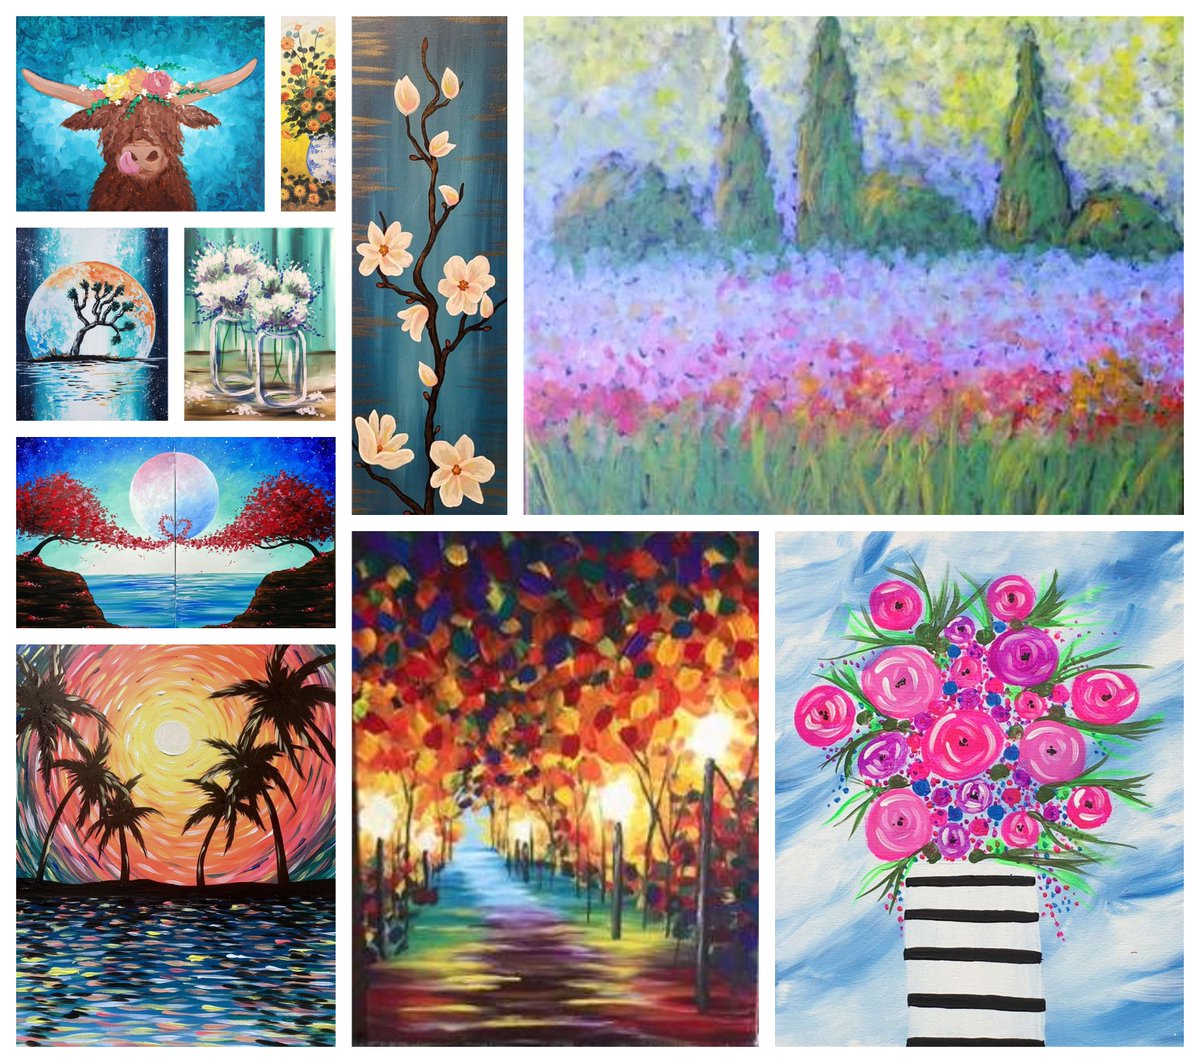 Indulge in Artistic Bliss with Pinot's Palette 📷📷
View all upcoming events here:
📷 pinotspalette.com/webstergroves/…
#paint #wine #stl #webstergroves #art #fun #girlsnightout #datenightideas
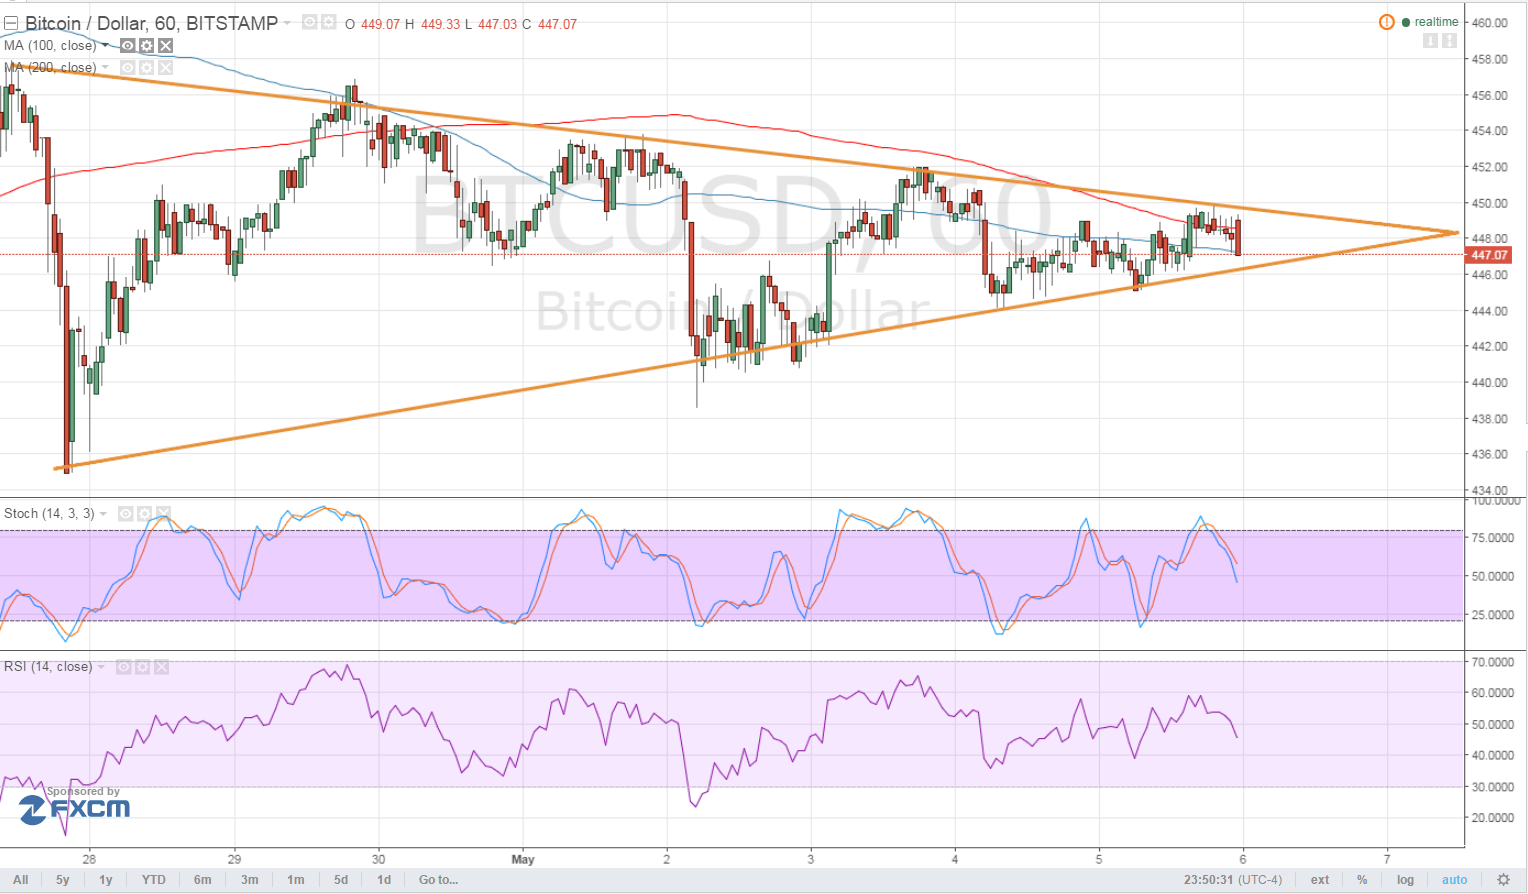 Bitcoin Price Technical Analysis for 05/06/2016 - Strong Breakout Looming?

_ _ _

- **EXERCISE BRIEF**
Copy out, from the listing above, every line that contains the string "webstergroves".

- **WRITTEN RESPONSE**
📷 pinotspalette.com/webstergroves/…
#paint #wine #stl #webstergroves #art #fun #girlsnightout #datenightideas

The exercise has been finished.